Wei and Sun had long planned to hold their wedding on June 15. But earlier this month, Wei was sent to Sichuan to support relief efforts.
Before he left, Wei told Sun that he feared he would not be able to return to Liu'an for their wedding.
As the couple and their families had already taken great pains to arrange the wedding banquet, they decided to hold the ceremony without the bridegroom.
"I will call you when the wedding is held so that guests will feel I am present," Wei told his bride-to-be.
While in Sichuan, Wei devoted himself to his work, rebuilding schools in Dujiangyan.
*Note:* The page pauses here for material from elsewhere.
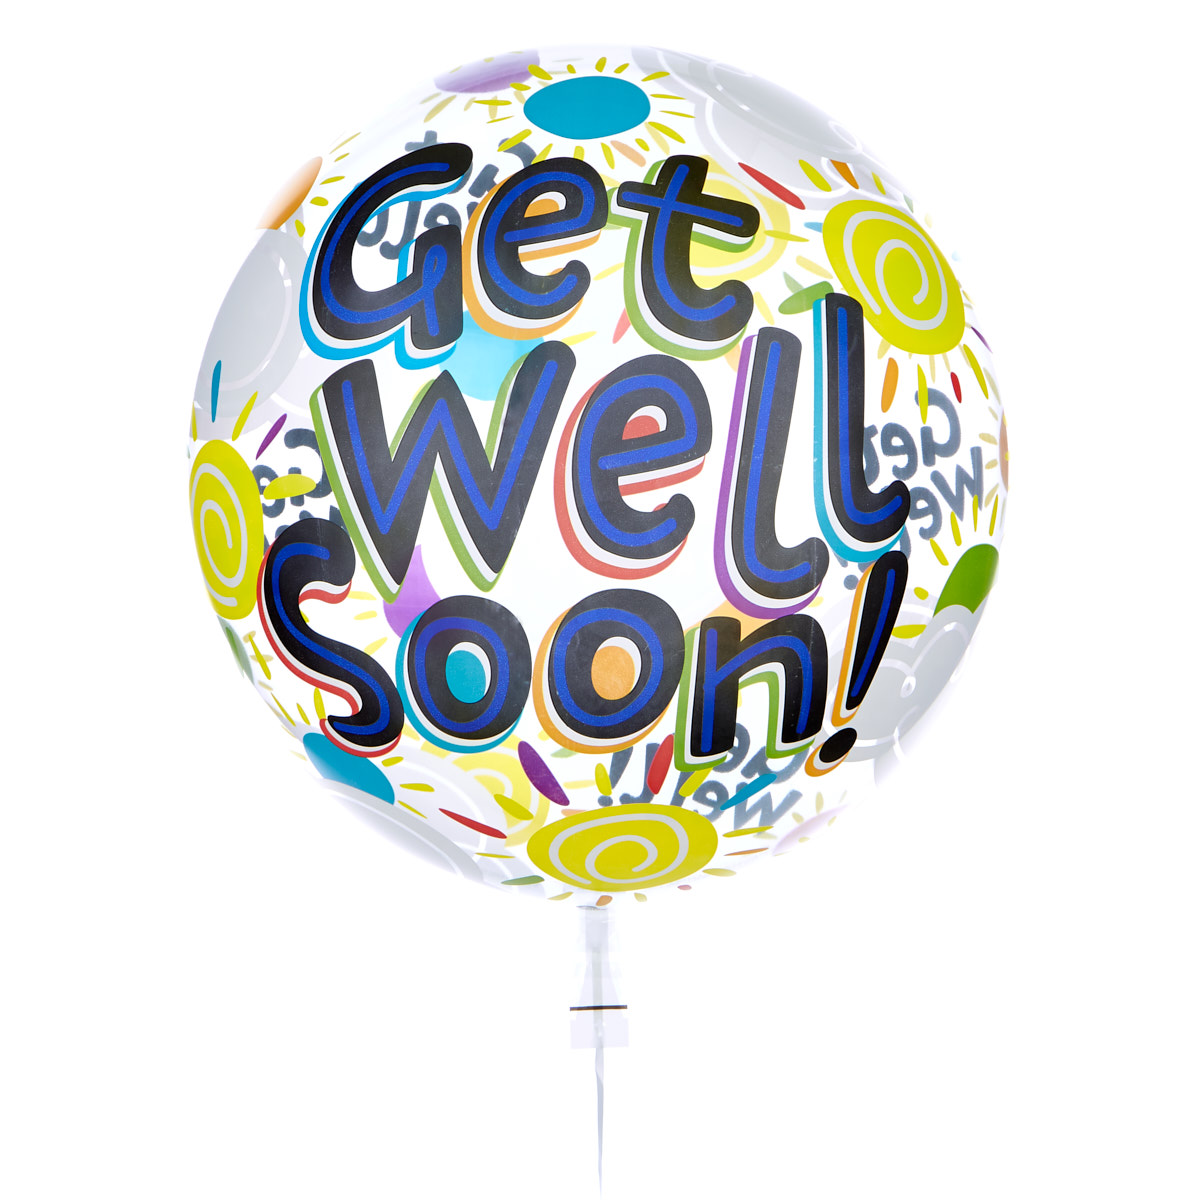 22-Inch Bubble Balloon - Get Well Soon - DELIVERED INFLATED! 
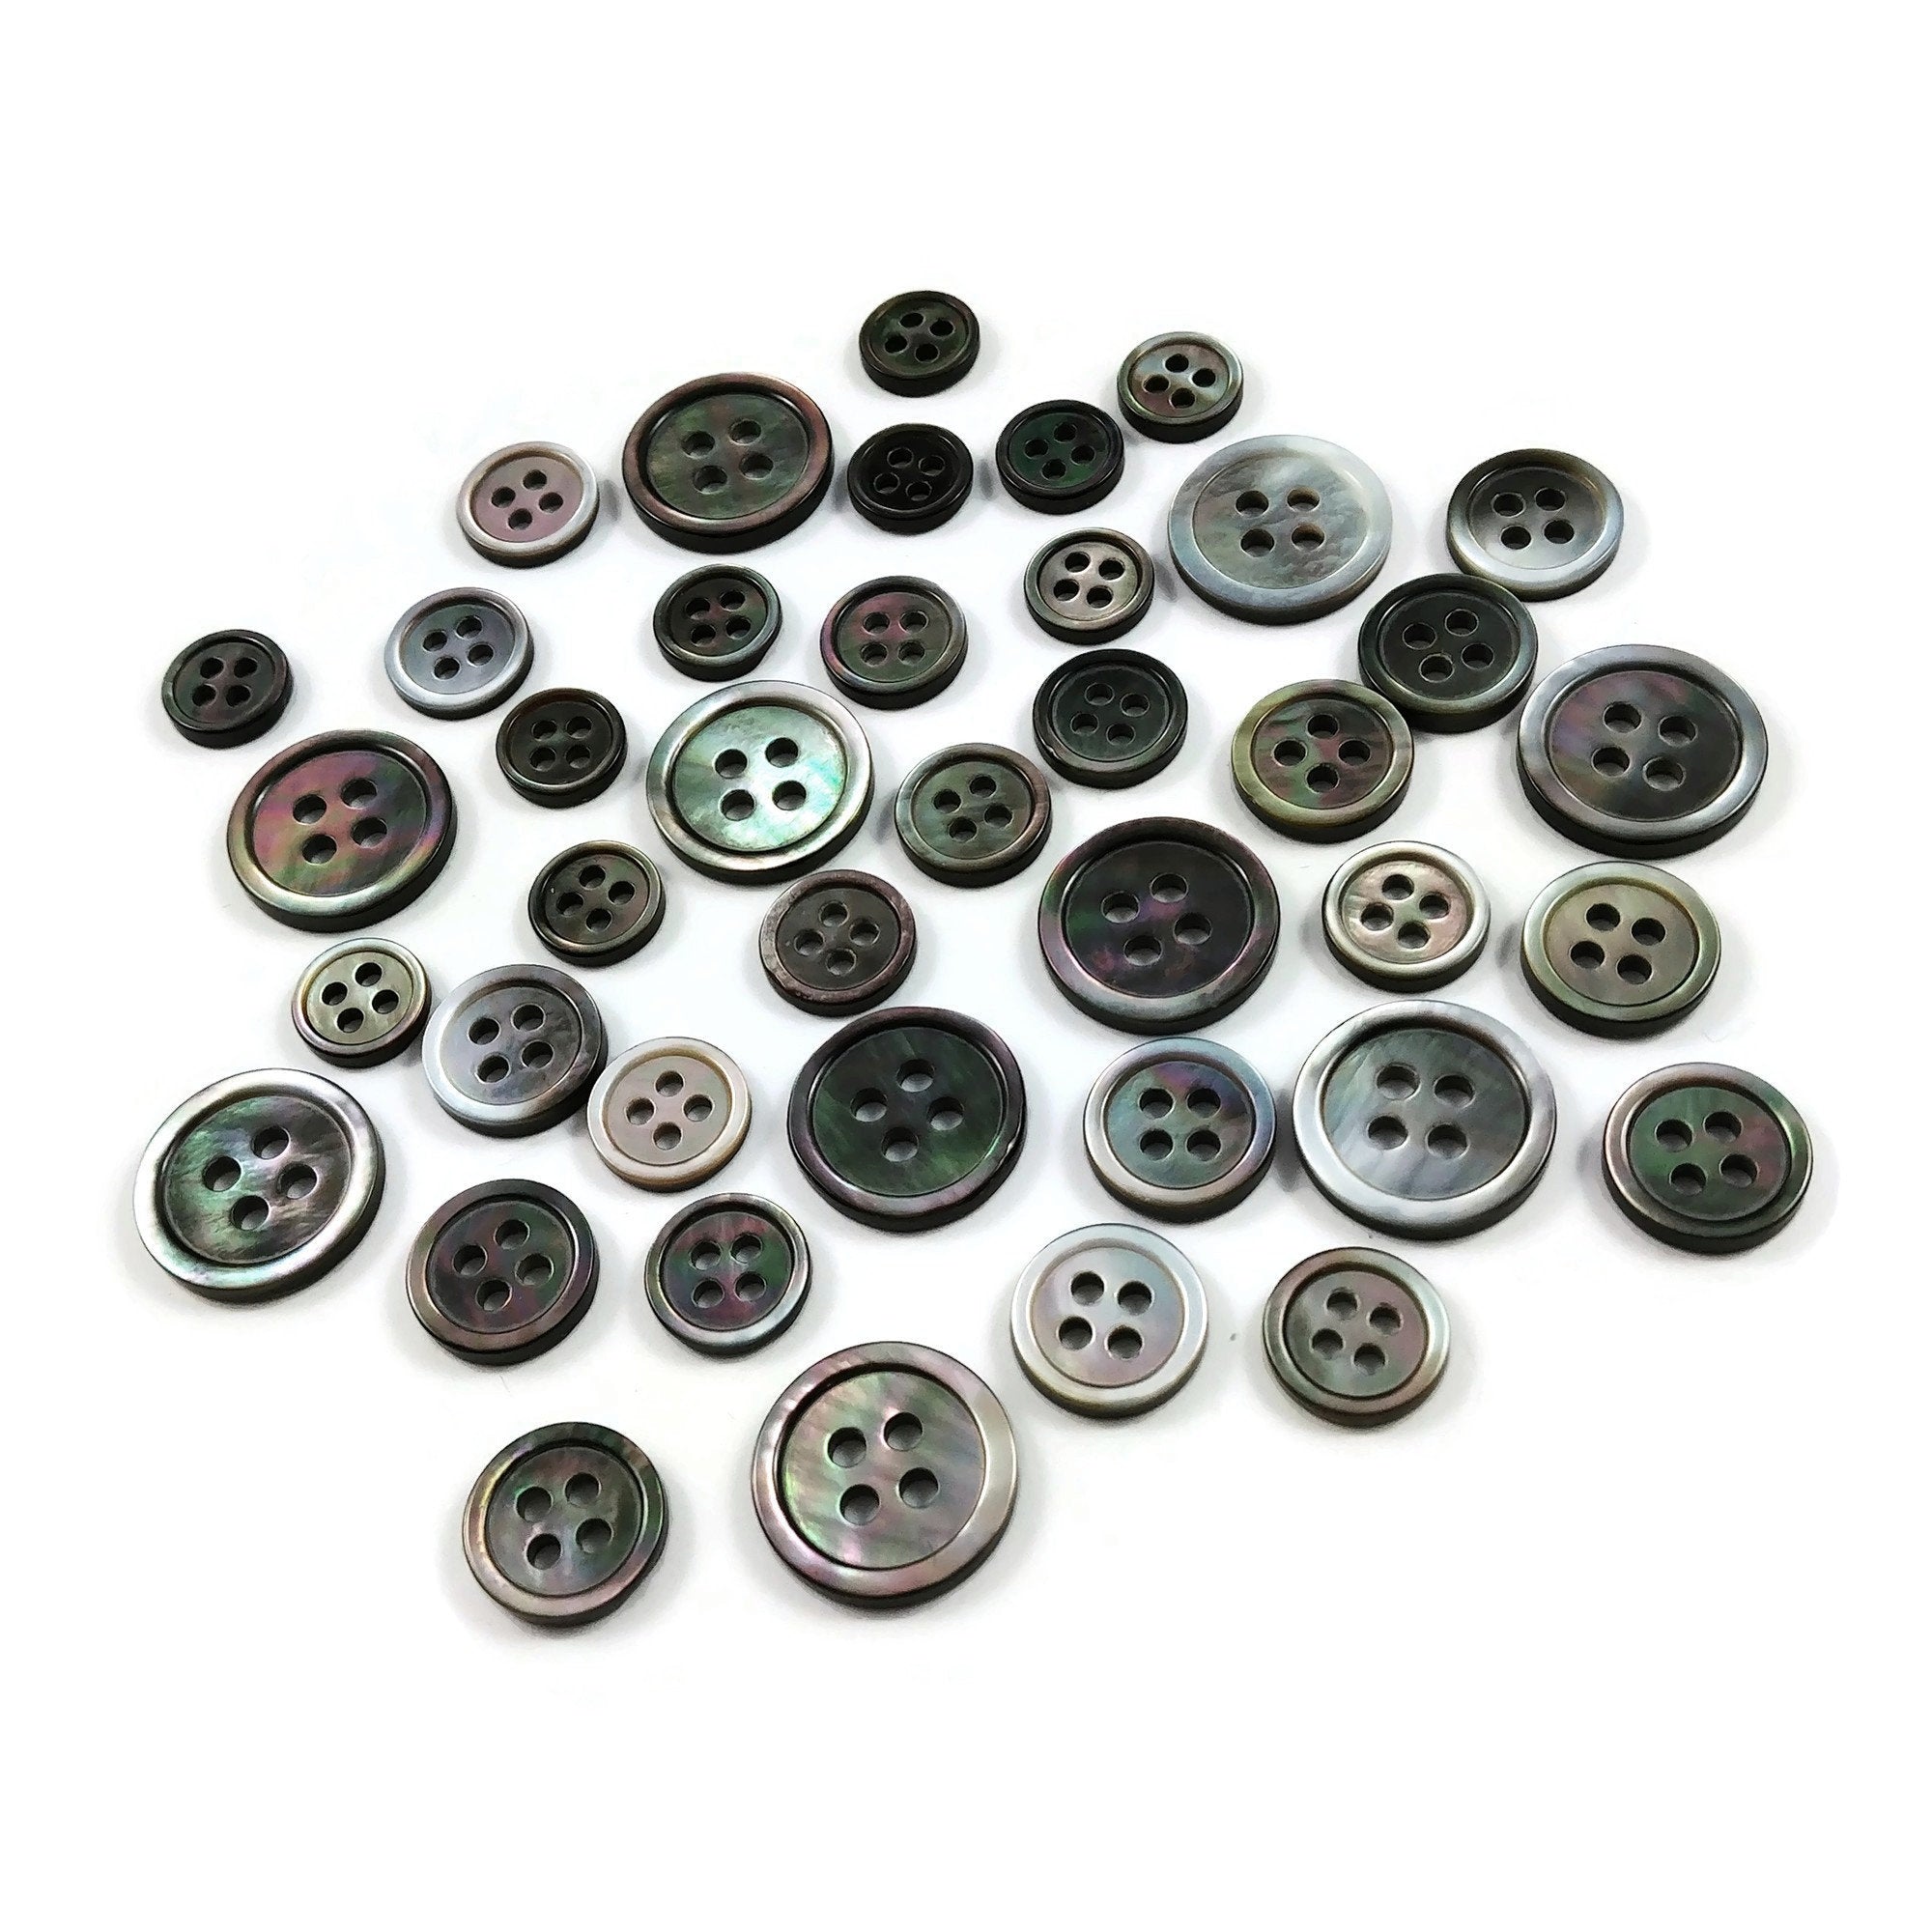 10 Flower wood painted sewing buttons - blue, green and purple 15mm

He did not talk with colleagues about how he had adjusted his wedding plans.
However, Xie Zhengyi, a police officer who had also traveled to Dujiangyan from Liu'an, knew Wei's unusual circumstance.
Xie decided to help arrange a more meaningful wedding venue - on the grounds of a school, in a tent with the red characters "double happiness" specially painted on the windows.
With the help of the deputy chief of the school, Xie used his laptop computer to help Wei connect with his wife over broadband.
The climax of the wedding came when Xie, who served as the master of ceremonies, asked Wei to perform formal bows in front of the image of his wife on the computer screen. Together they bowed as a gesture of worship of the heaven and earth and respect for Sun's colleagues.
Although the ceremony lasted only nine minutes - Wei and his colleagues had to soon continue their work - the couple found the wedding a poignant symbol. "At such a special time, individuals must make sacrifice for the well-being of others," Sun said.